Bliss Independence predictions of drug combination efficacy are based on rearranged equations from Bliss16, while assuming that the coefficient of association between drugs in a combination is equal to 0. This equates to Eq. (3) below, where µcombo,Bliss is the mean Bliss Independence predicted efficacy of a combination of drugs AZ in n cell lines and where PAk and PZk are the respective probabilities of an individual cell surviving treatment with drugs A and Z in cell line k. These probabilities can be taken as the viabilities of cell line k when treated with drugs A or Z relative to an untreated control.

$${\mathrm{\mu }}_{{\mathrm{combo}},{\mathrm{Bliss}}} = \frac{{\mathop {\sum }\nolimits_{k = 1}^n PA_k \times \ldots \times PZ_k}}{n}.$$
(3)

Note that Bliss Independence is only defined for probabilities between 0 and 1, so any viabilities which fell below 0 or above 1 were rounded up to 0 or down to 1, respectively, for Bliss Independence calculations in our analysis.

Percent viability

Percent relative viability (shortened to “percent viability” throughout this paper) is simply the ratio of the viability of a treated cell line at a study’s endpoint divided by the viability of an untreated control at the study’s endpoint. As such, it can be interpreted such that 0% viability indicates complete cell death at a study’s endpoint and 100% viability indicates identical viability to an untreated control at the study’s endpoint. Notably, this means that percent viability is not able to differentiate between treatments that are cytotoxic and treatments that are cytostatic.

Processing CTRPv2 and GDSC cell line drug screening data

CTRPv2 and GDSC often use slightly different names for the same drugs and cell lines, so these identifiers were matched between the two datasets using the harmonized identifiers provided by Ling et al.12. The code used to do this is included in the “Harmonizing GDSC and CTRPv2” folder of the “IDACombo Paper” project on Open Science Framework (OSF, see “Data availability” statement).

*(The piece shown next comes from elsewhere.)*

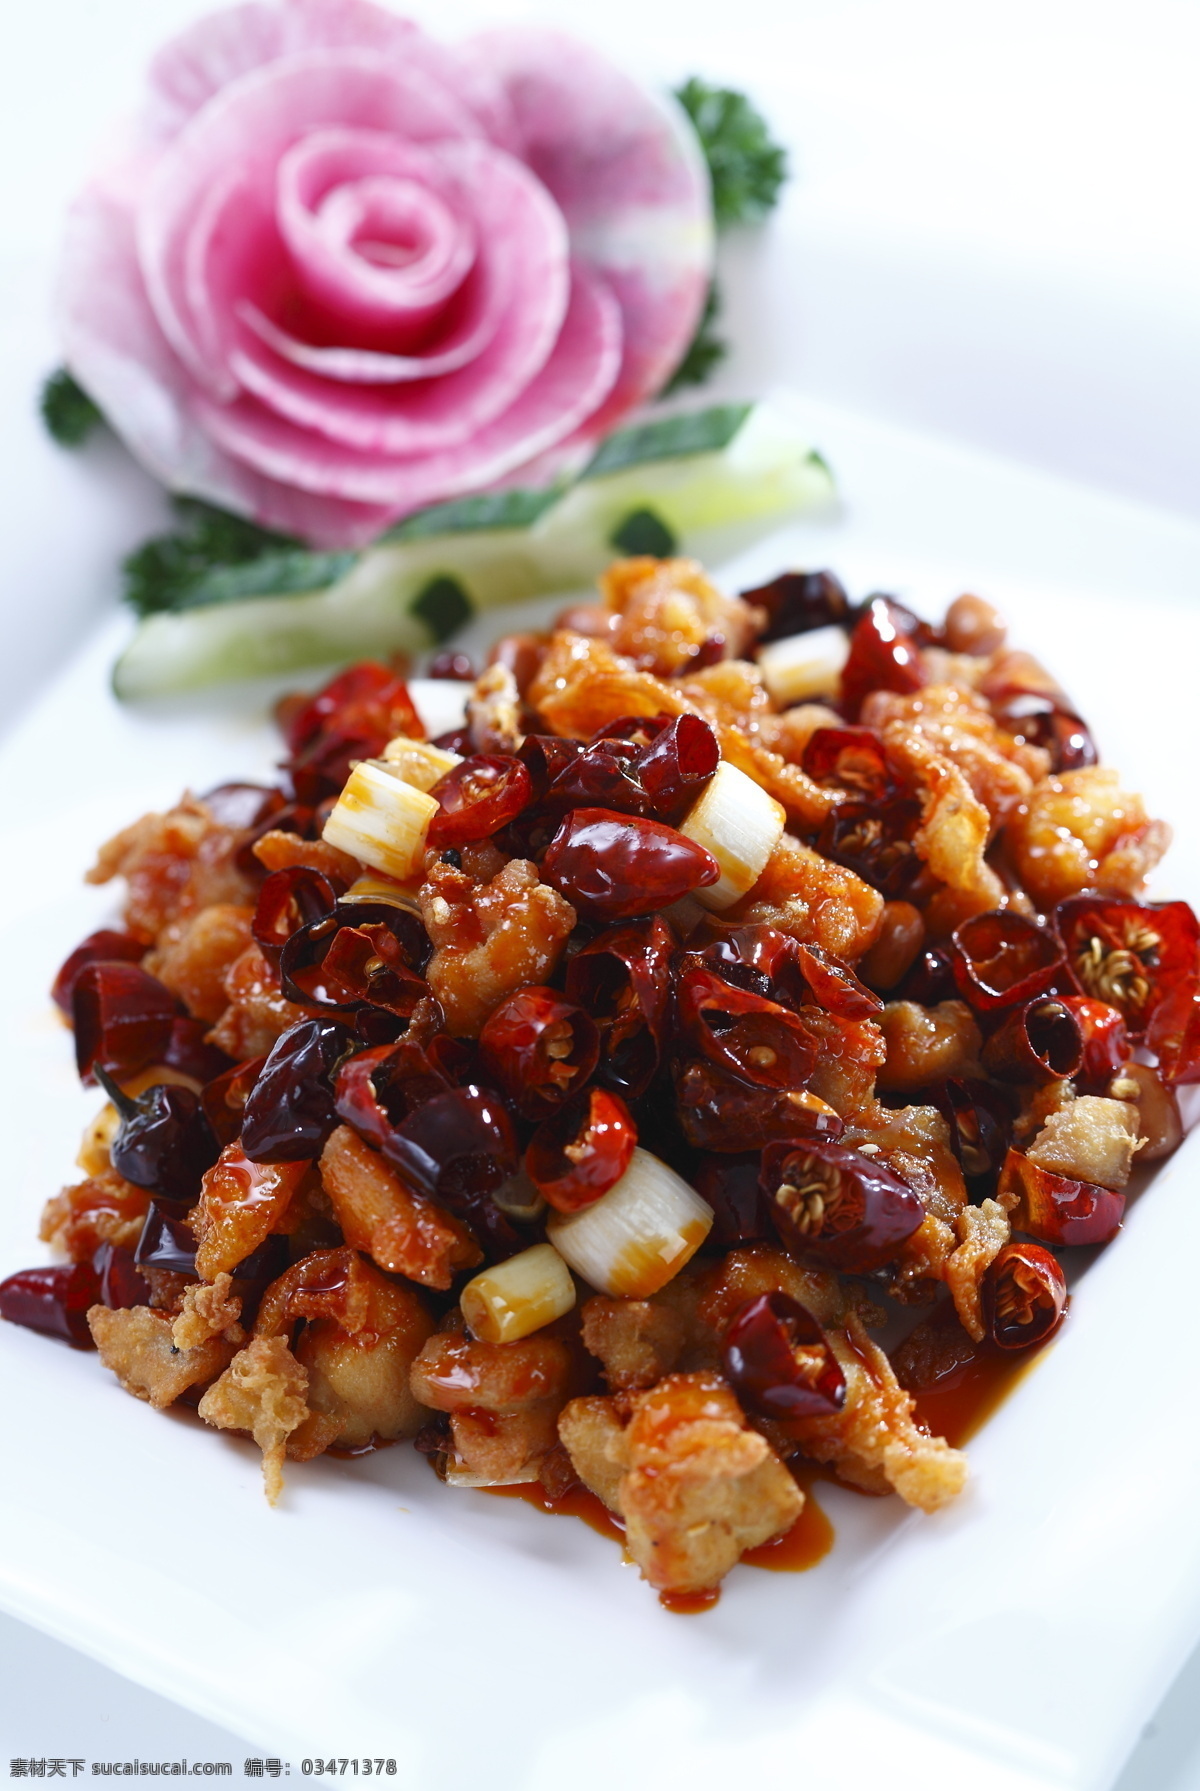 歌乐山辣子鸡 高清菜谱 菜品全套 传统美食 餐饮美食
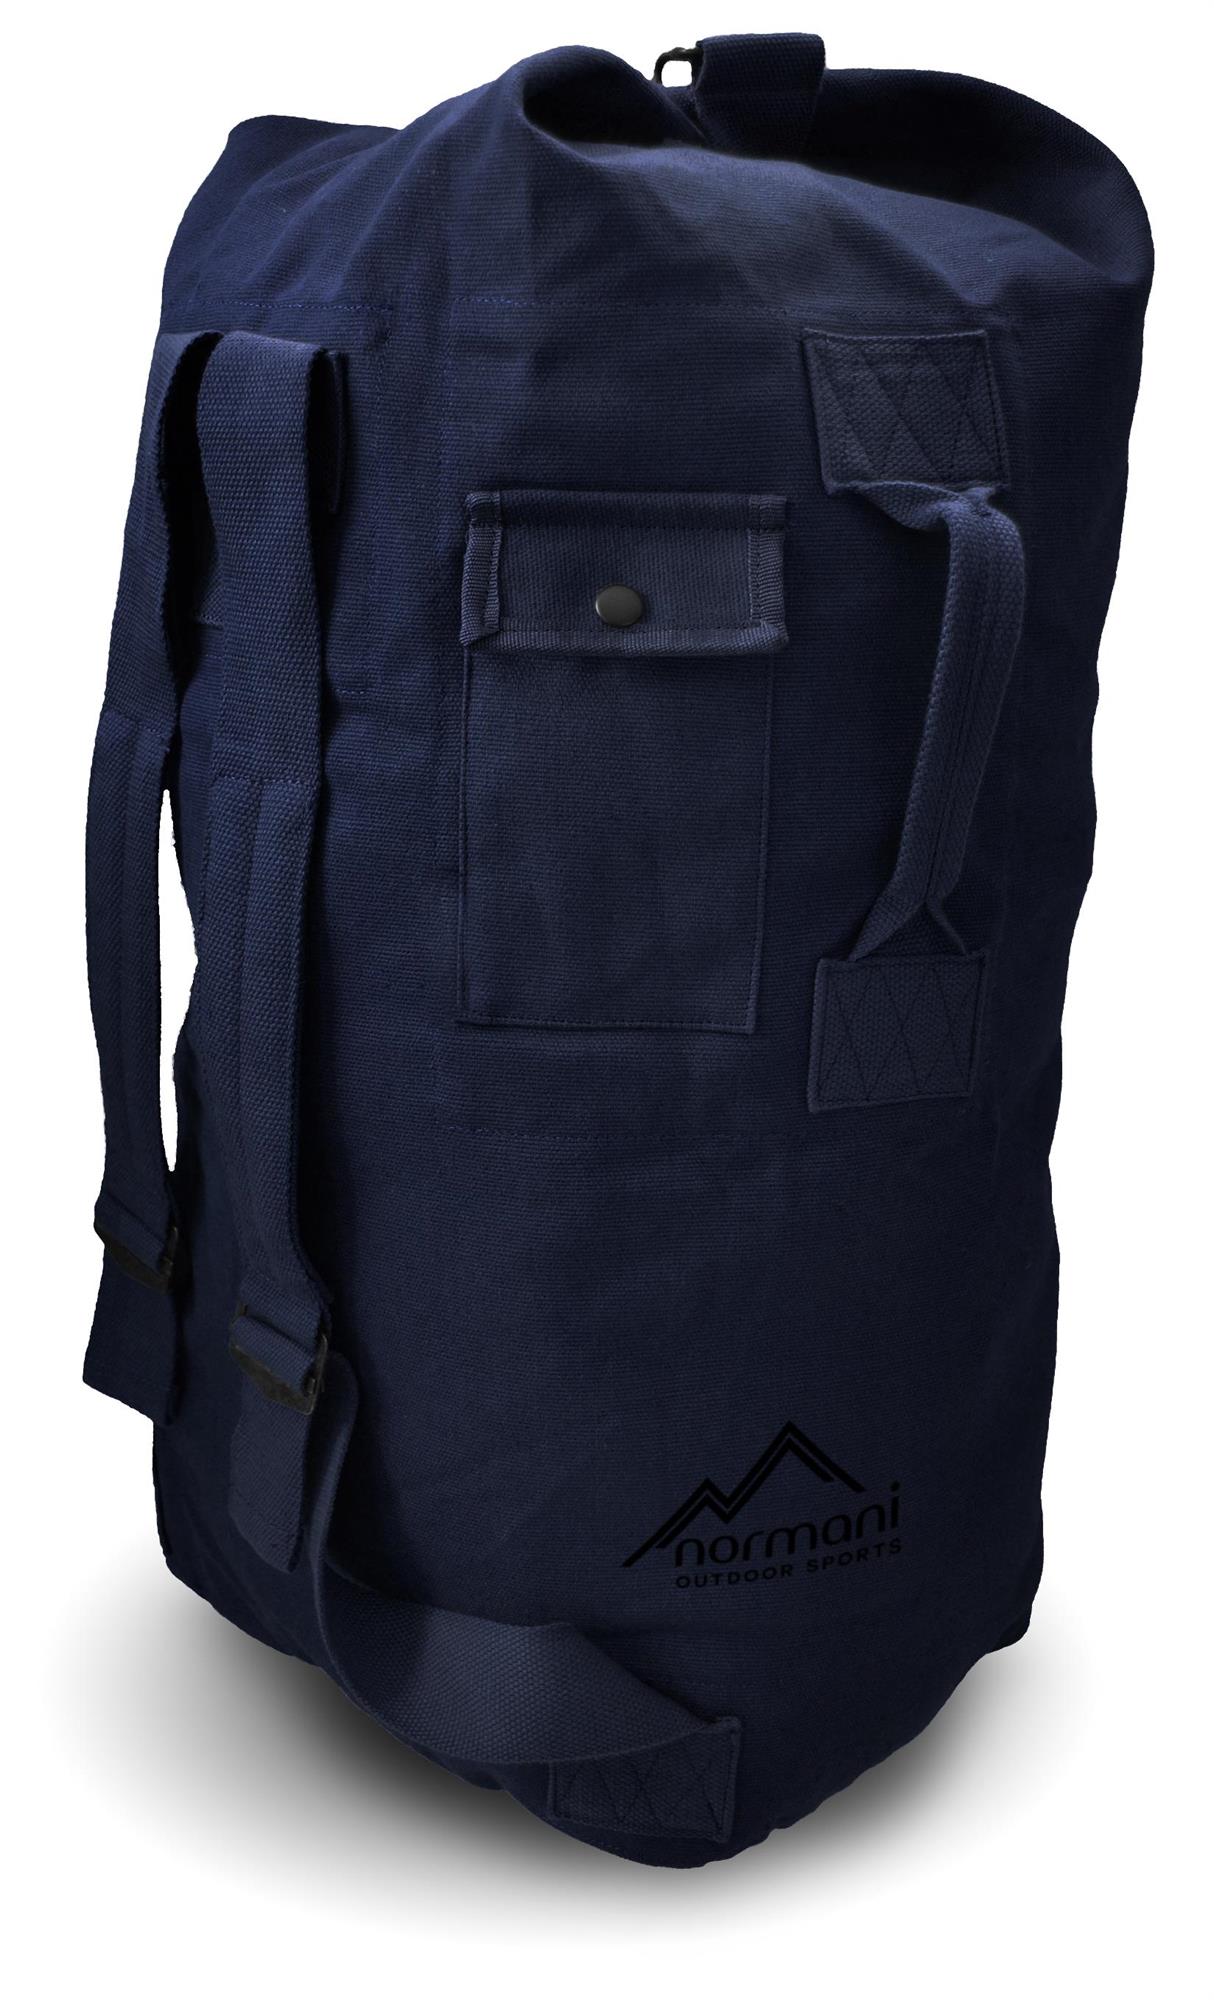 Seesack Canvas Reise-Rucksack mit Außentasche Duffle Bag Universal Tasche

Following identifier harmonization, four-parameter log-logistic dose–response curves were fit to the raw drug response data using the drc R package v3.0.128 and the code included in the “Reprocessing raw CTRPv2 and GDSC data” folder of the “IDACombo Paper” OSF project. This was done because the available sources of processed dose–response data for CTRPv2 and GDSC were generated using different algorithms between the two datasets. Recalculating the curves from the raw data allowed us to harmonize the analysis method for both datasets, and it allowed us to utilize information from all raw data points when estimating uncertainties in downstream analyses. Uncertainties in estimated viabilities were estimated using the drc R package predict.drc function and the sandwich R package v2.4.029,30 for calculating the variance–covariance matrix. Having fitted dose–response curves for each drug/cell-line pair in these datasets was necessary for this analysis because Csustained concentrations were often not tested directly in the datasets, so the curves were used to estimate these Csustained viabilities.

NCI-ALMANAC analysis

IDACombo was used to predict drug combination efficacies for the combinations included in NCI-ALMANAC using the monotherapy data in NCI-ALMANAC. To avoid evaluating the accuracy of IDACombo for the same drug combination more than once, predictions were only made for each drug combination using the maximum tested monotherapy concentrations for each drug in the combination. Since Holbeck et al.13 reported protocol differences between the different screening sites used to create NCI-ALMANAC, data for each monotherapy and drug combination was restricted to whichever site performed the most experiments for that monotherapy/combination. Furthermore, if multiple experiments were performed for the same treatment/cell line pair, the results of those experiments were averaged. The monotherapy-based drug combination efficacy predictions for each cell line were then averaged across all cell lines to produce a mean predicted efficacy for each drug combination, and the measured efficacies in NCI-ALMANAC were also averaged to produce a mean measured efficacy for each drug combination. These predicted and measured mean efficacies were then compared. All data and code used for this analysis is included in the “NCI-ALMANAC Analysis” folder of the “IDACombo Paper” project on OSF.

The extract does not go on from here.